I can understand the punitive mindset that says he shouldn't be given the honour of national representation so soon, but when is the right time to allow him fully back into the sporting life? Two years, three years, a decade?

A rugby player usually has around six years at the peak of a career, so a two-year stand down, for example, is actually the equivalent of about a decade in the working life of a lawyer or a teacher.

In court in Hamilton last October Judge Denise Clark said she would discharge Reece without conviction because he had taken responsibility for the offending, had pleaded guilty at the earliest opportunity, was three months sober, had participated in restorative justice, and was undergoing counselling with his partner. Judge Clark had all the facts before her and decided to give Reece another chance. If he continues to behave in a decent way, I'm hard-pressed to know why he shouldn't be allowed it.

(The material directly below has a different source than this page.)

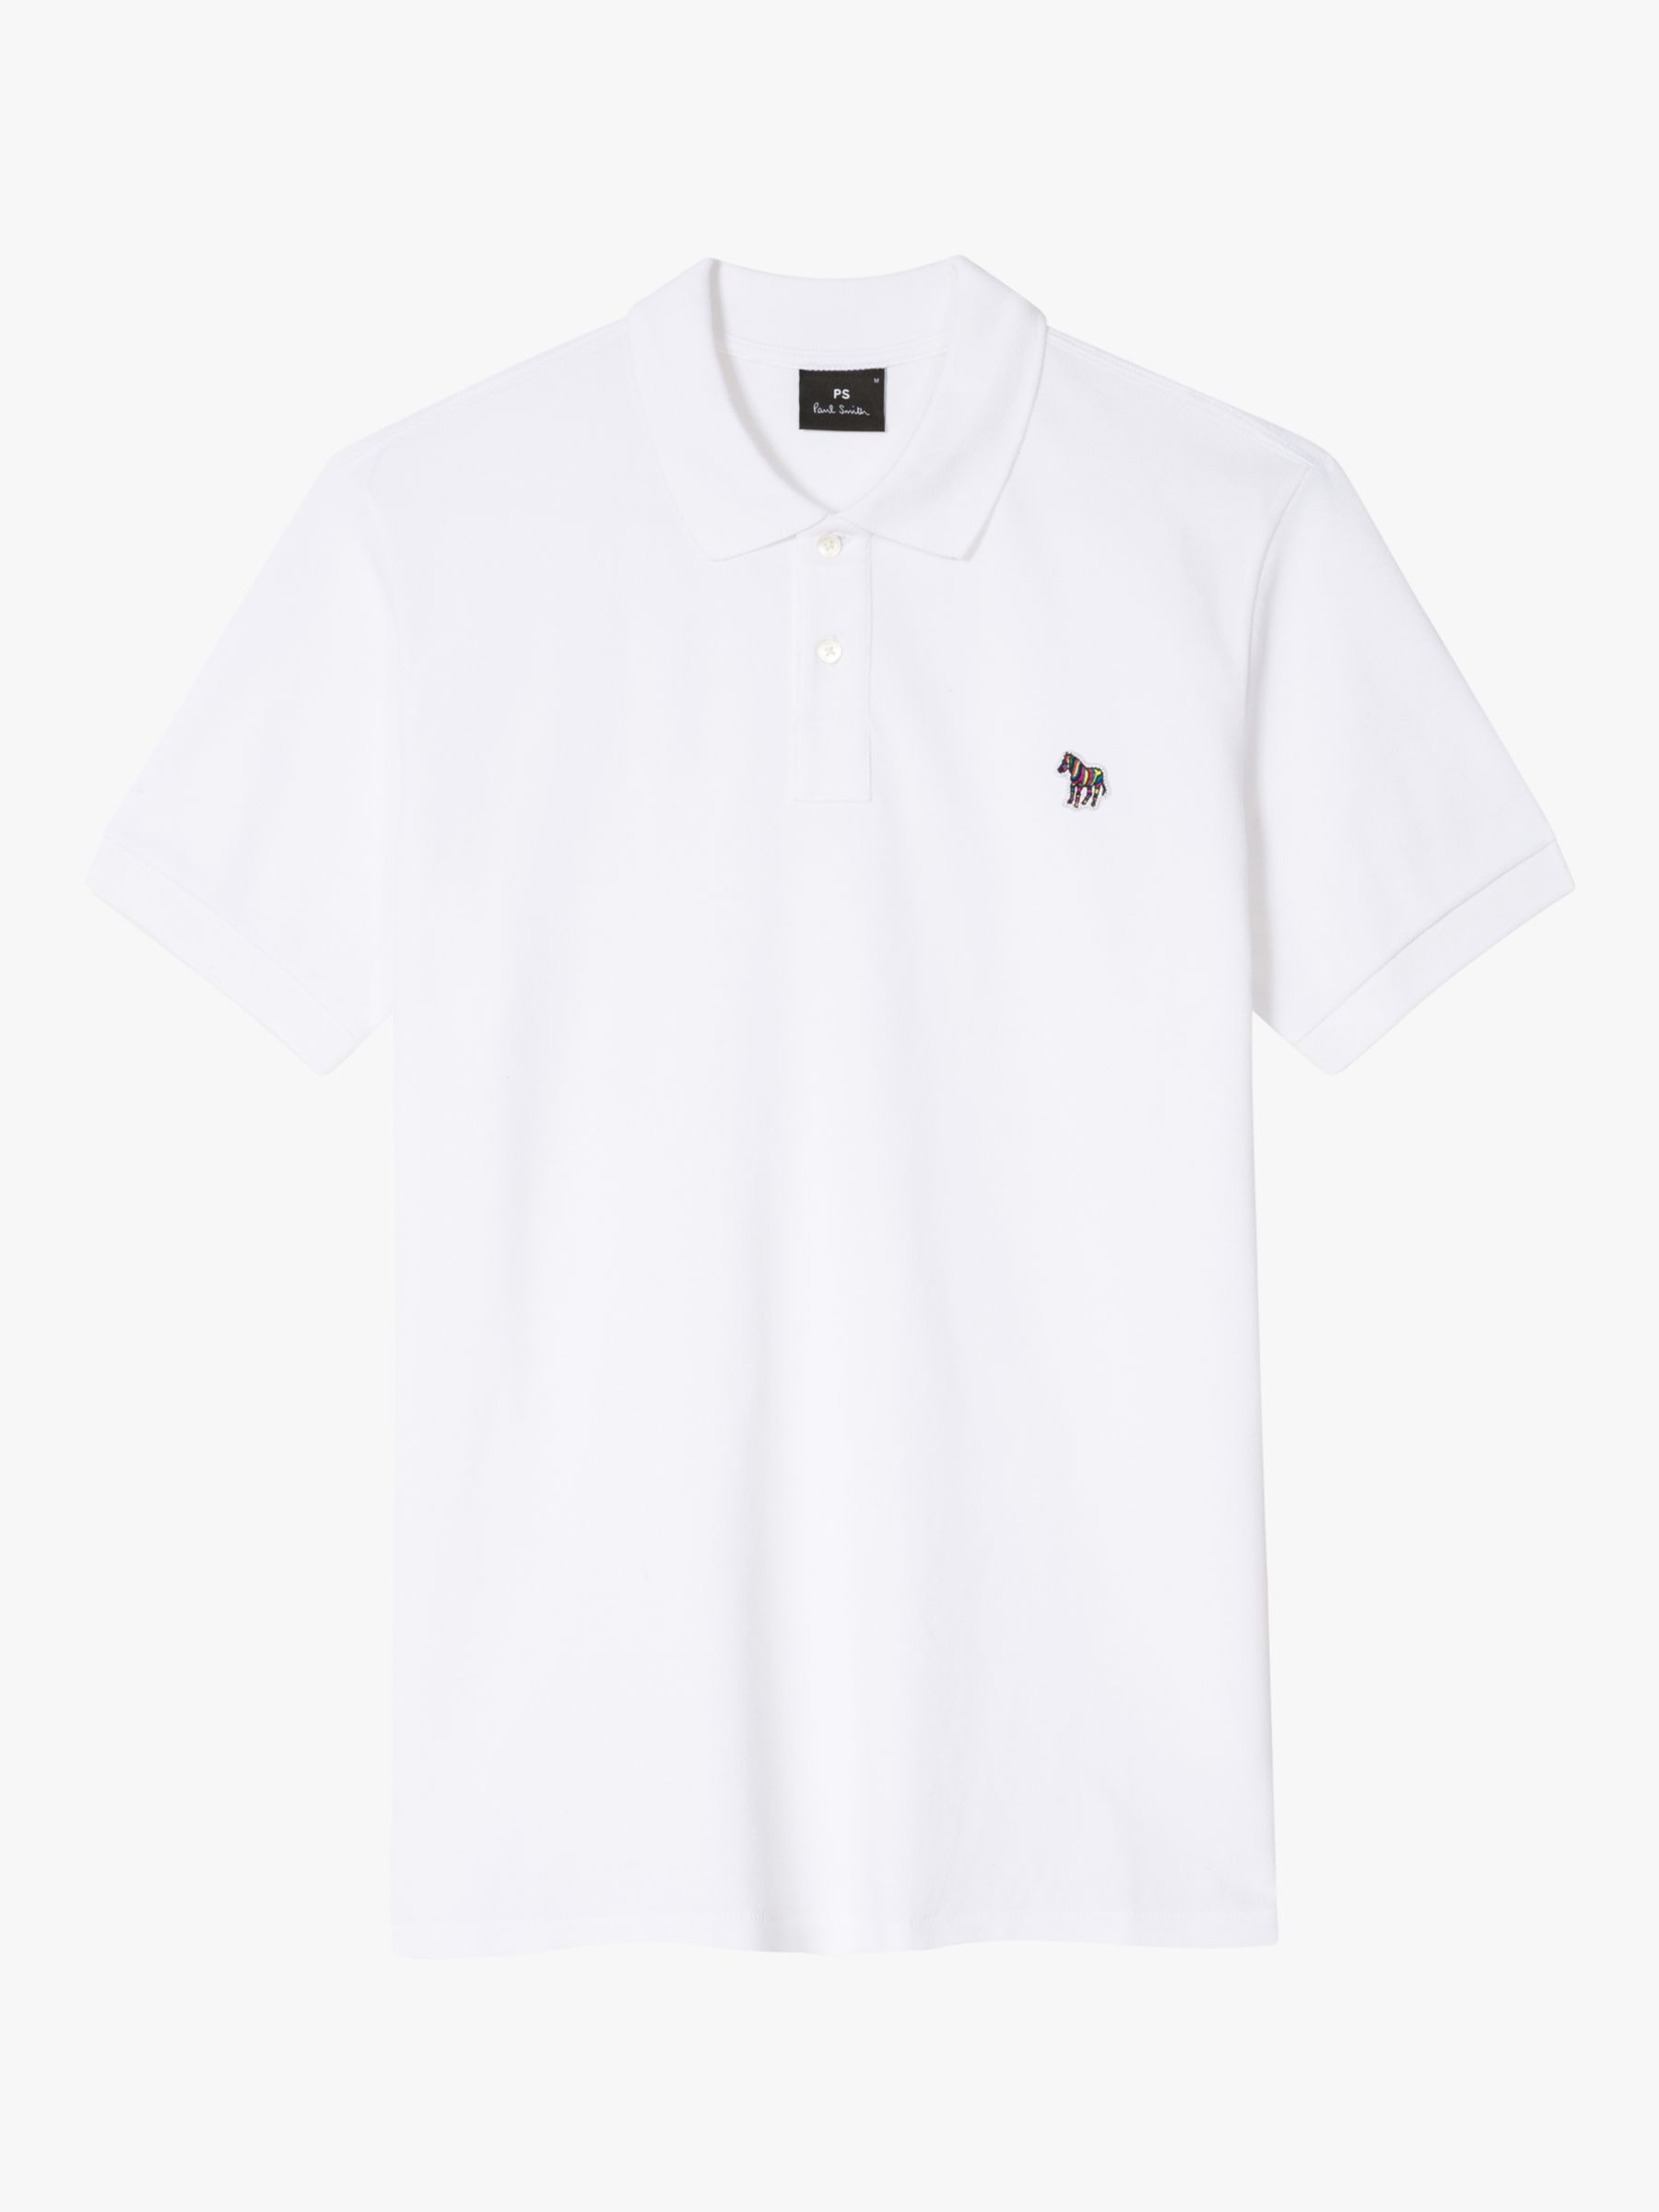 Paul Smith Zebra Applique Organic Cotton Polo Shirt, Whites, S

Sevu Reece during the Crusaders' victory parade after winning the Super Rugby title. Photo / Photosport
Sevu Reece during the Crusaders' victory parade after winning the Super Rugby title. Photo / Photosport

On an infinitely less serious matter, before the Blacks Caps pulled off their astonishing victory over India, a concern I thought had gone the way of glass milk bottles, whether wives and girlfriends should be allowed to tour with national sports teams, reared its cobwebbed head again.

Once All Black wives and partners were not even tolerated, just ignored. Last year, in a brilliant essay, Linda Burgess, whose husband Robert was an All Black first-five, wrote of what happened to her and a group of players' wives after a 1972 All Black game in Palmerston North. "There's an aftermatch function: men only. There's nowhere for us to go. I approach the door. I say, I have some wives of the All Black team with me, and we would like to come in. Through the comforting cloud of cigarette smoke, I can see the players drinking beer, and the officials drinking sterner stuff. The man from the rugby union is resolute. If he lets us in, the floodgates will open. But, he says, moist-eyed with magnanimity, if you'd like to help out in the kitchen with the other ladies, you're more than welcome."

Rugby's been dragged, sometimes kicking and screaming it's true, into the 21st century, and it should comfort those who found the sight of wives and partners drinking some wine on a balcony while the Black Caps toiled on the field below, that the All Blacks, by a mile our most successful national professional team, quietly acknowledge that having wives and partners on tour, far from exhausting or distracting delicately tuned athletes, actually helps them perform better.

As All Black manager Darren Shand once said to me, "if a guy does nothing but think rugby 24/7 he's going to burn out pretty quickly".

At the 2015 Rugby World Cup, wives and partners arrived in the week before the quarter-final against France in Cardiff. The lift in mood during the week was, team officials say, very obvious. And the proof came in the match, when a revitalised team thrashed France, 62-13.

The Black Caps, starting to slump on the field before the semifinals, provided the best possible answer to the critics of women and children daring to be part of the players' lives with their display against India.

Kyle Mills, a member of the 2015 Black Caps World Cup side, made a key point to Simon Barnett and myself when the disapproval was rising before the semifinal. "You know," said Mills, "nobody was complaining about wives and girlfriends when we were winning at the start of the tournament".